◆ Supplied data
########################################
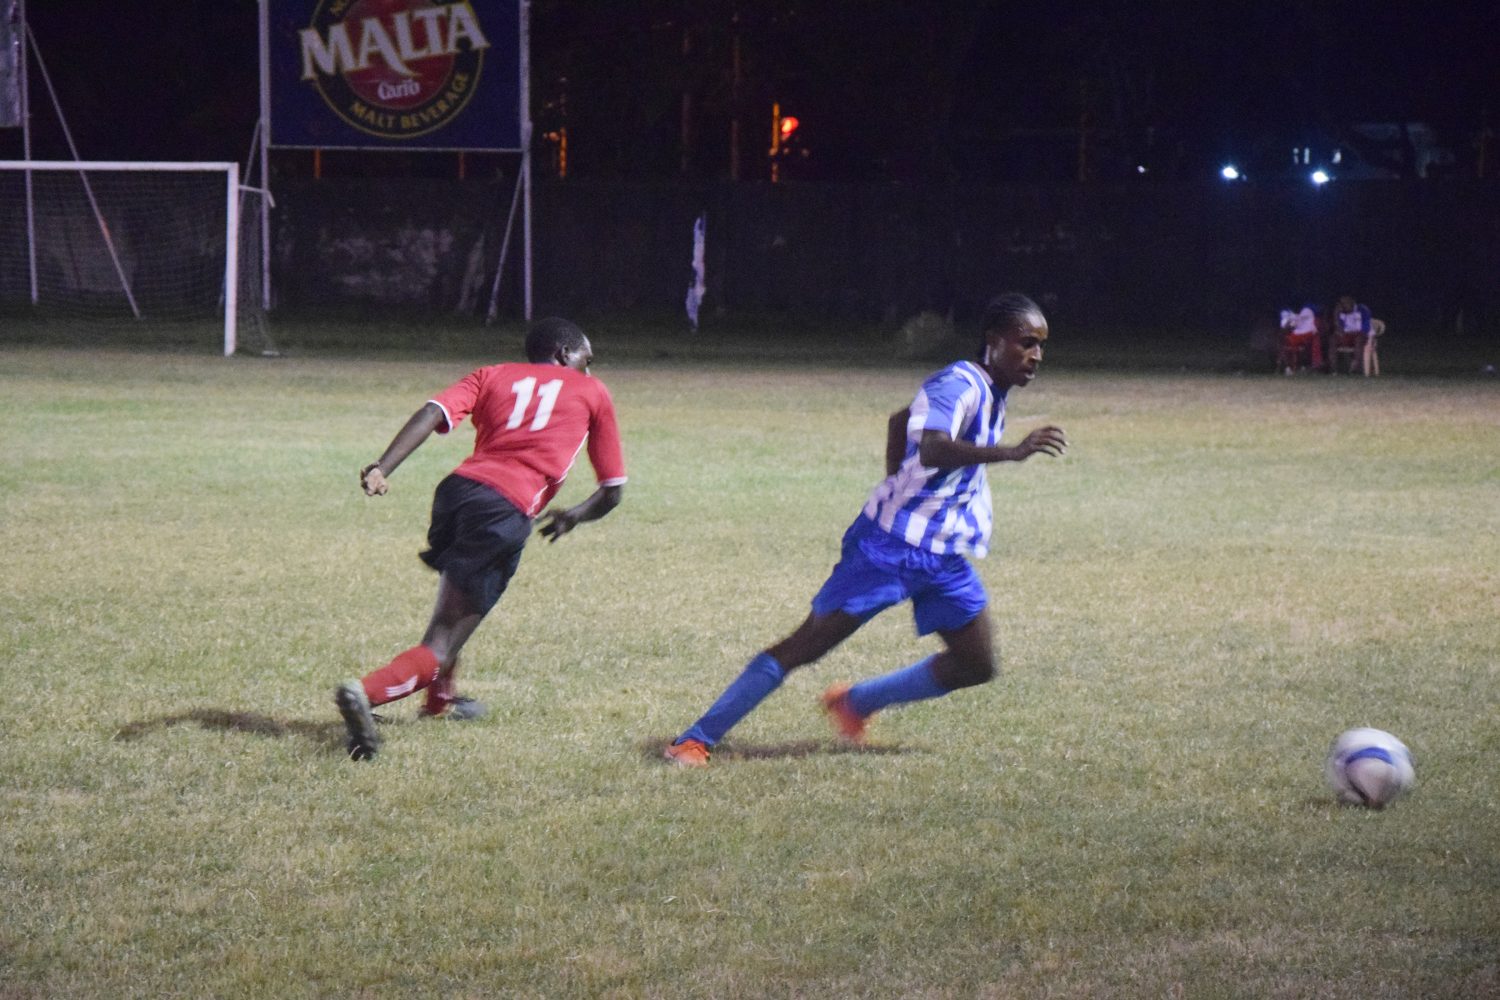 Teon Jones (left) of Riddim Squad in hot pursuit of a GFC during their quarterfinal showdown in the Corona Beer Invitational Football Championship.
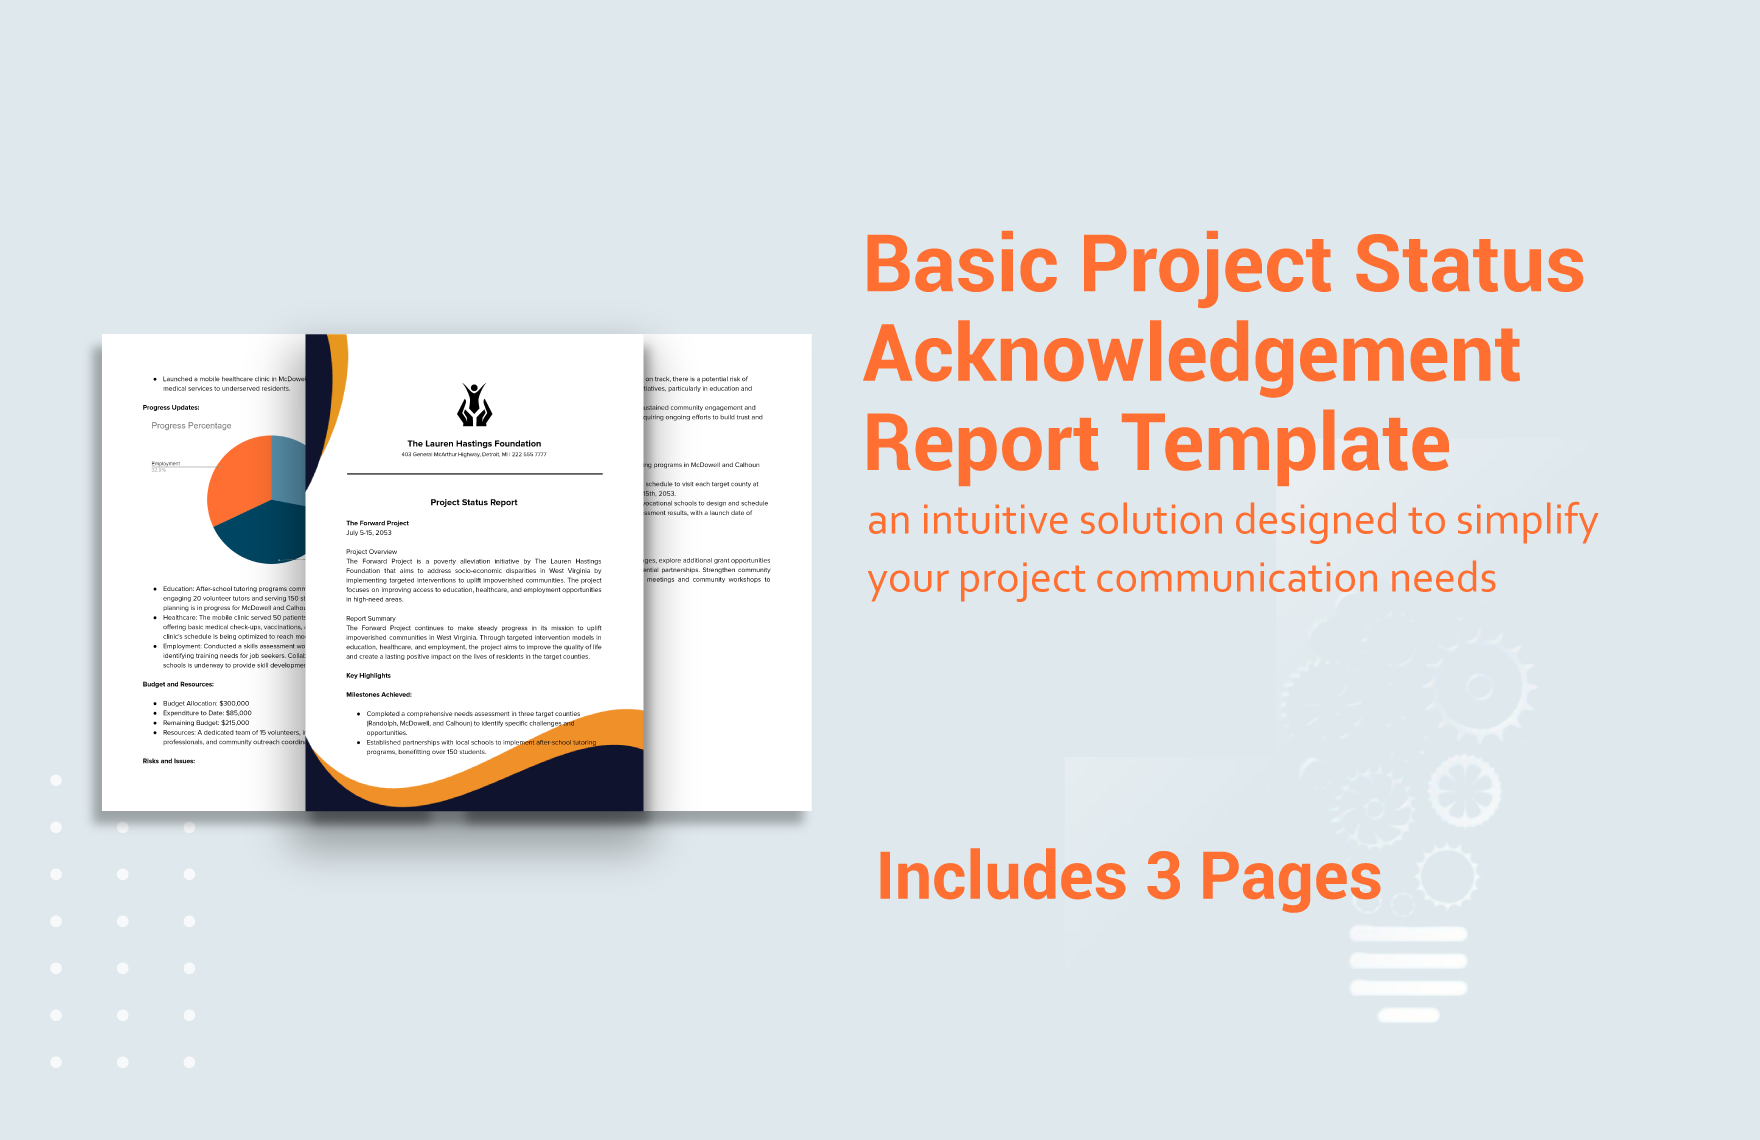 Basic Project Status Acknowledgement Report Template
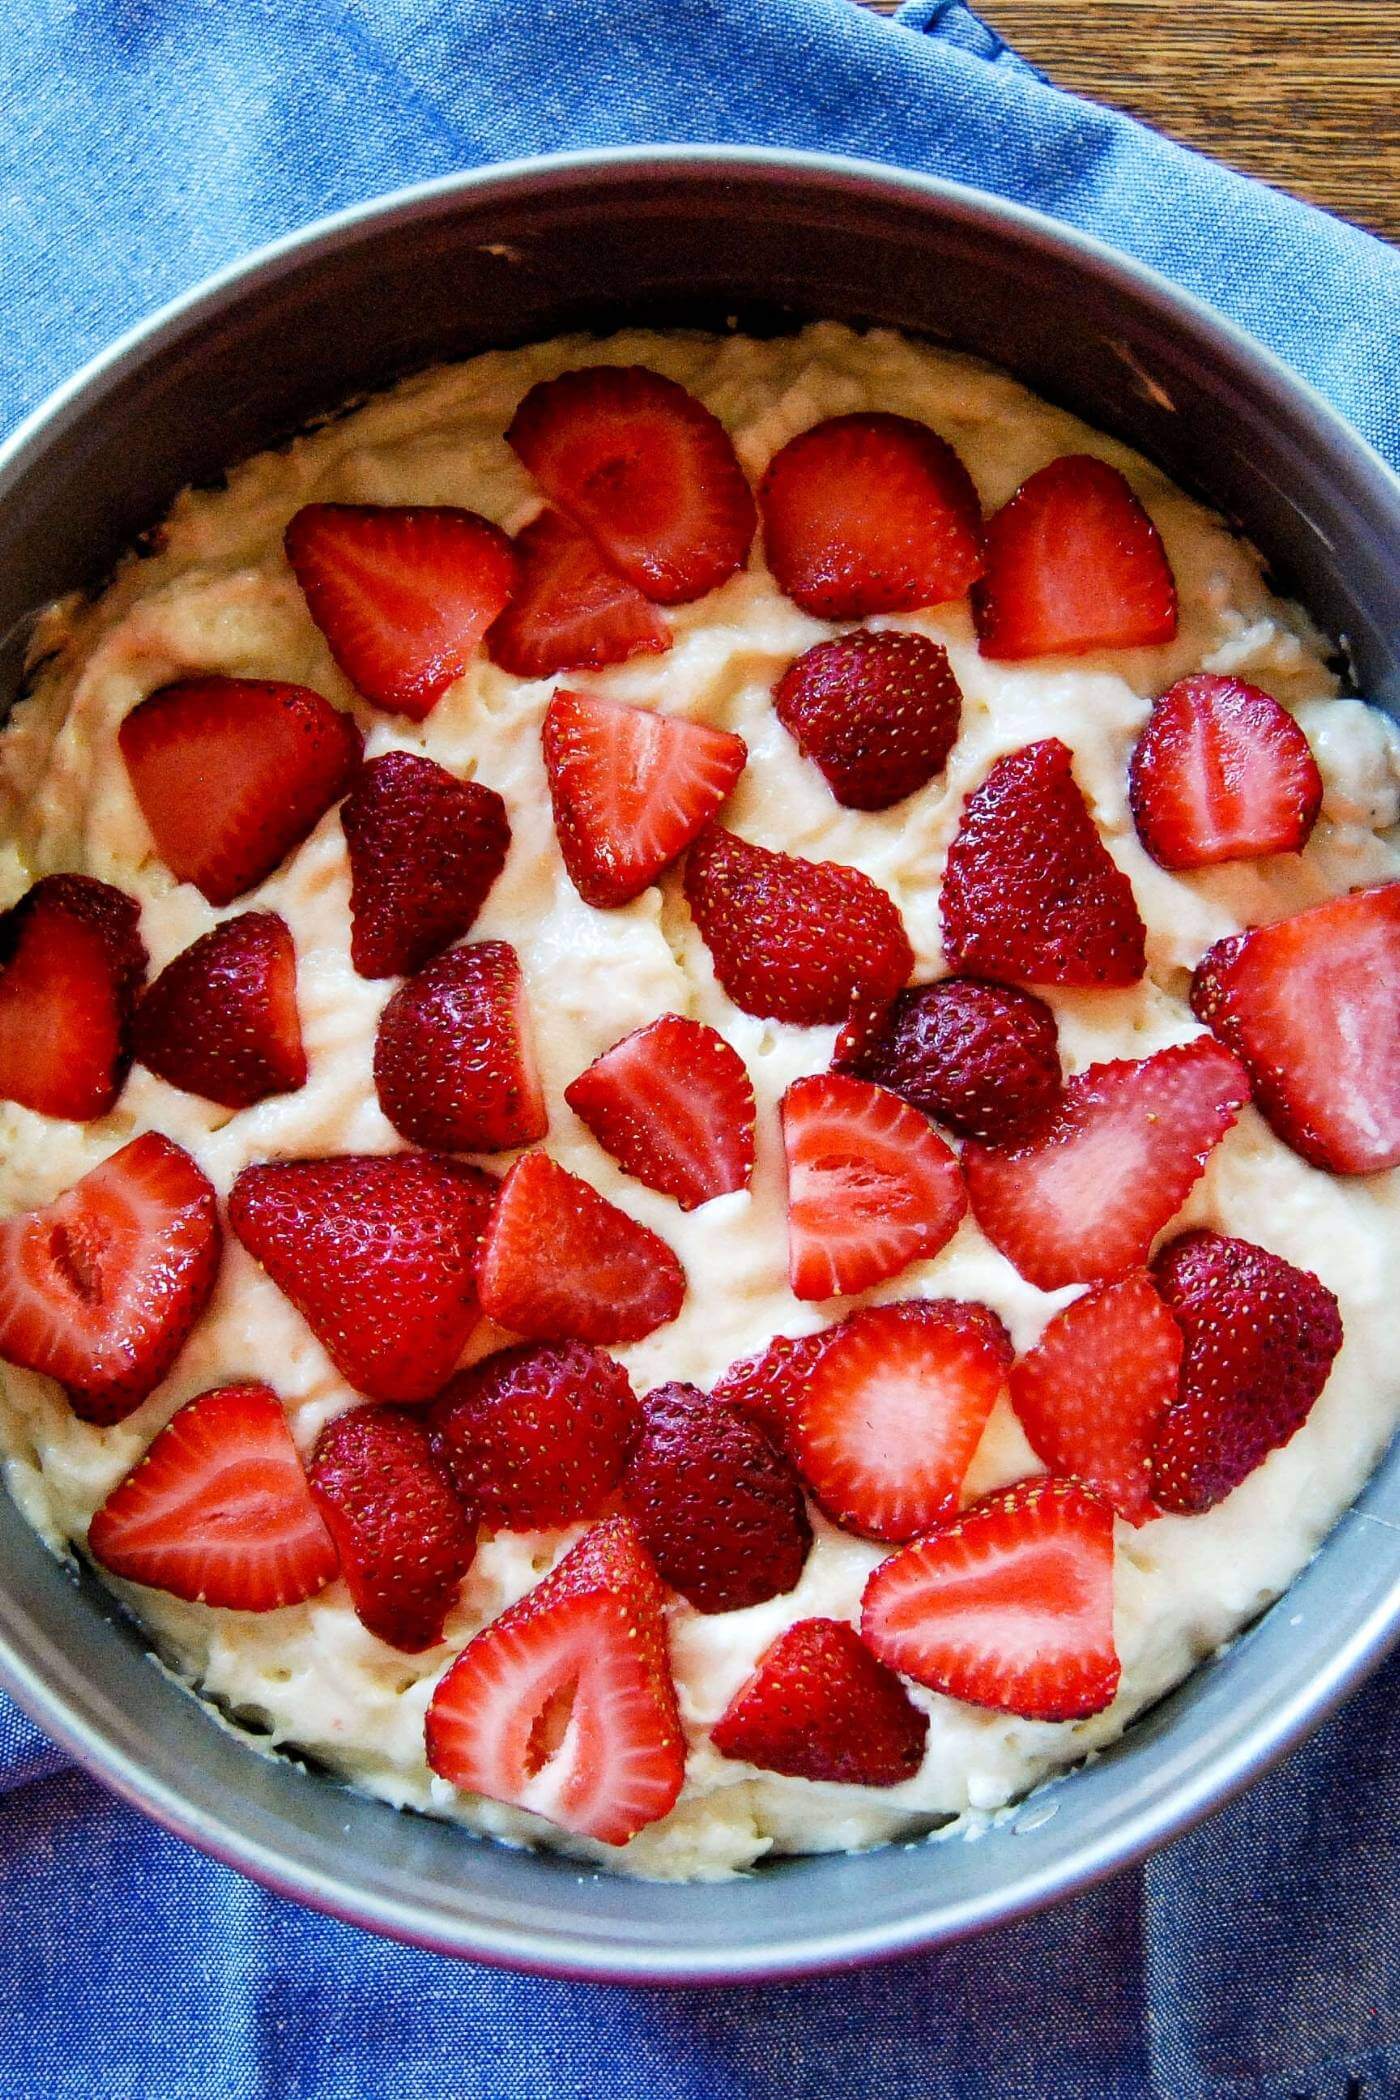 lemon and strawberry cake - pre-baked in pan.
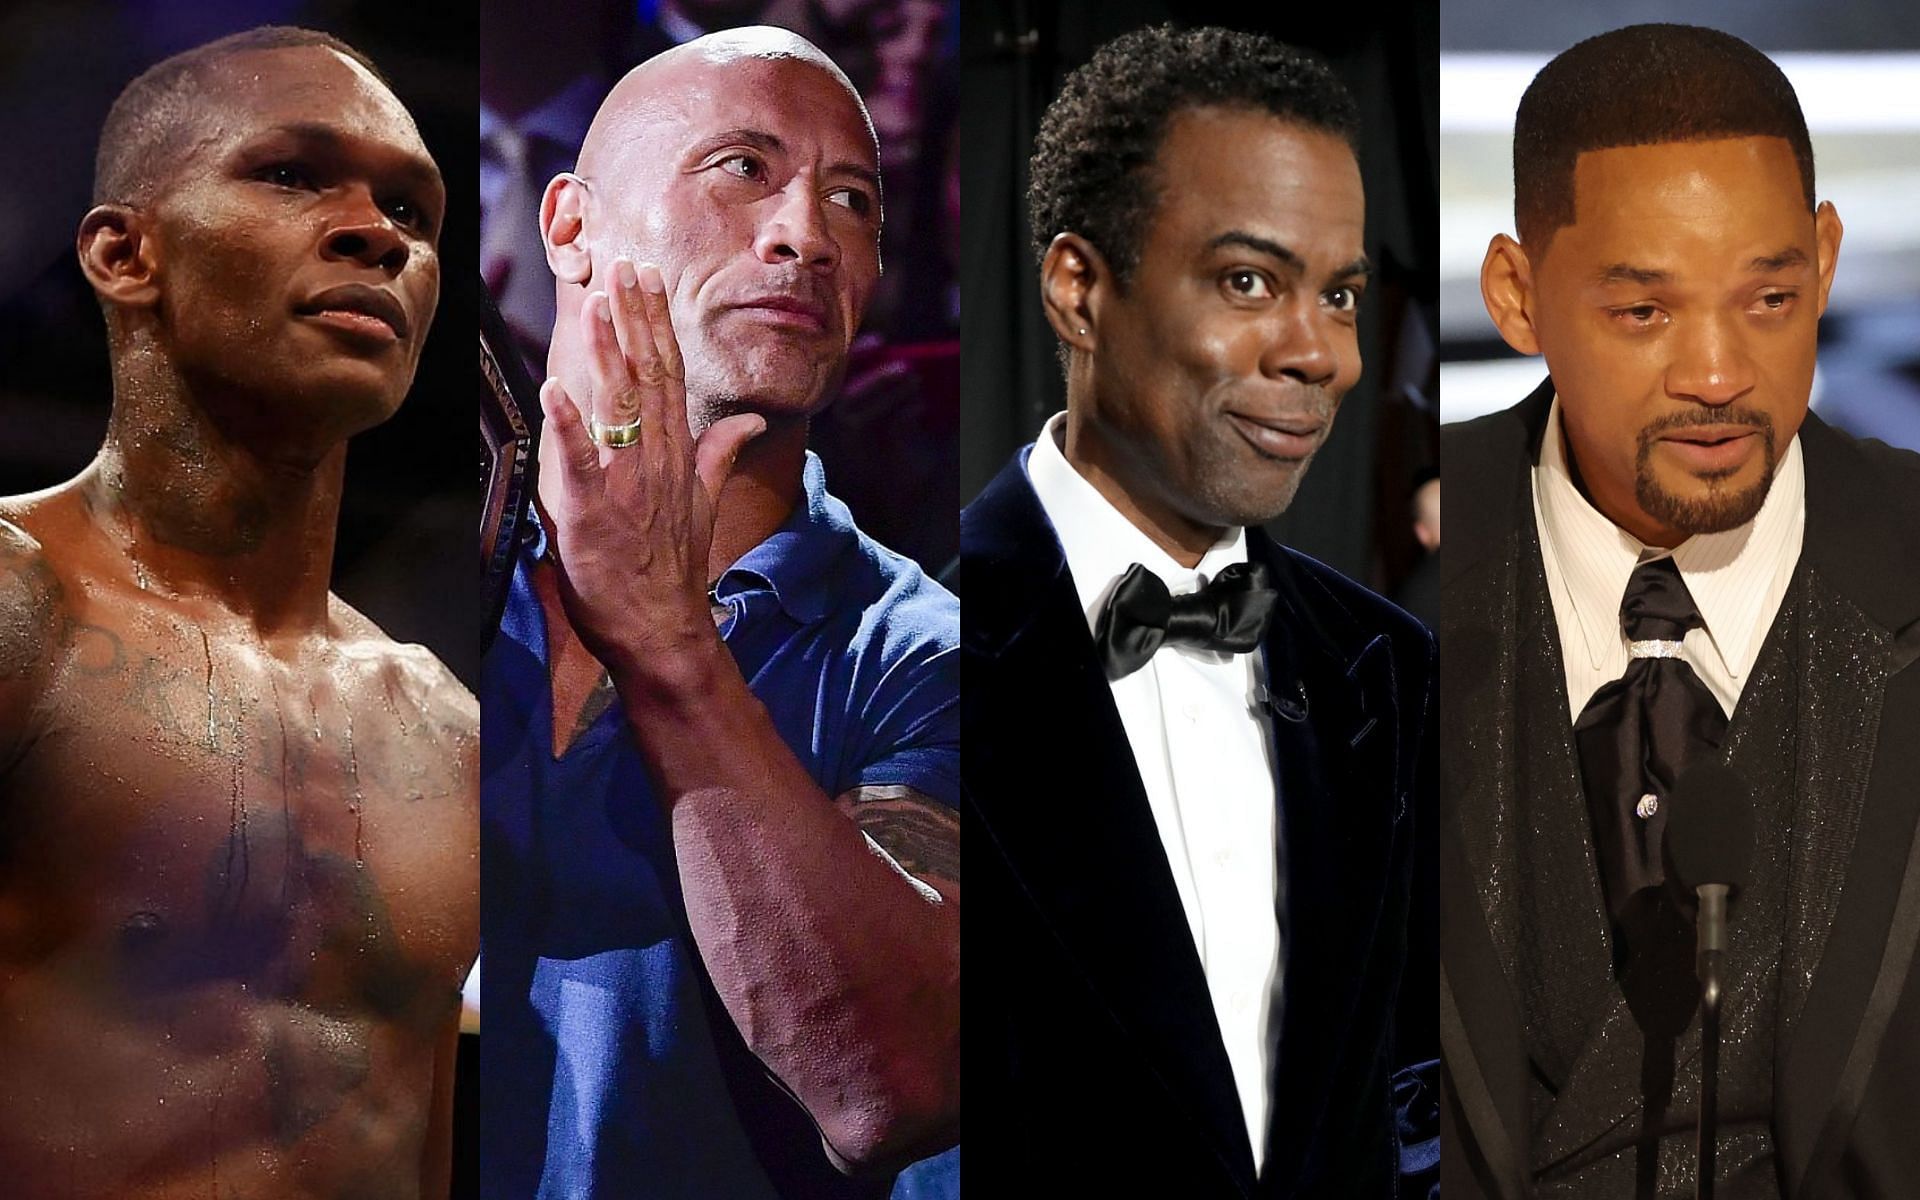 L-R: Israel Adesanya, The Rock, Chris Rock, and Will Smith [Photo credit: @Complex on Twitter]
########################################
Leaving the pictures out, set down all of the data again exactly.

 Teon Jones (left) of Riddim Squad in hot pursuit of a GFC during their quarterfinal showdown in the Corona Beer Invitational Football Championship.
 Basic Project Status Acknowledgement Report Template
 lemon and strawberry cake - pre-baked in pan.
 L-R: Israel Adesanya, The Rock, Chris Rock, and Will Smith [Photo credit: @Complex on Twitter]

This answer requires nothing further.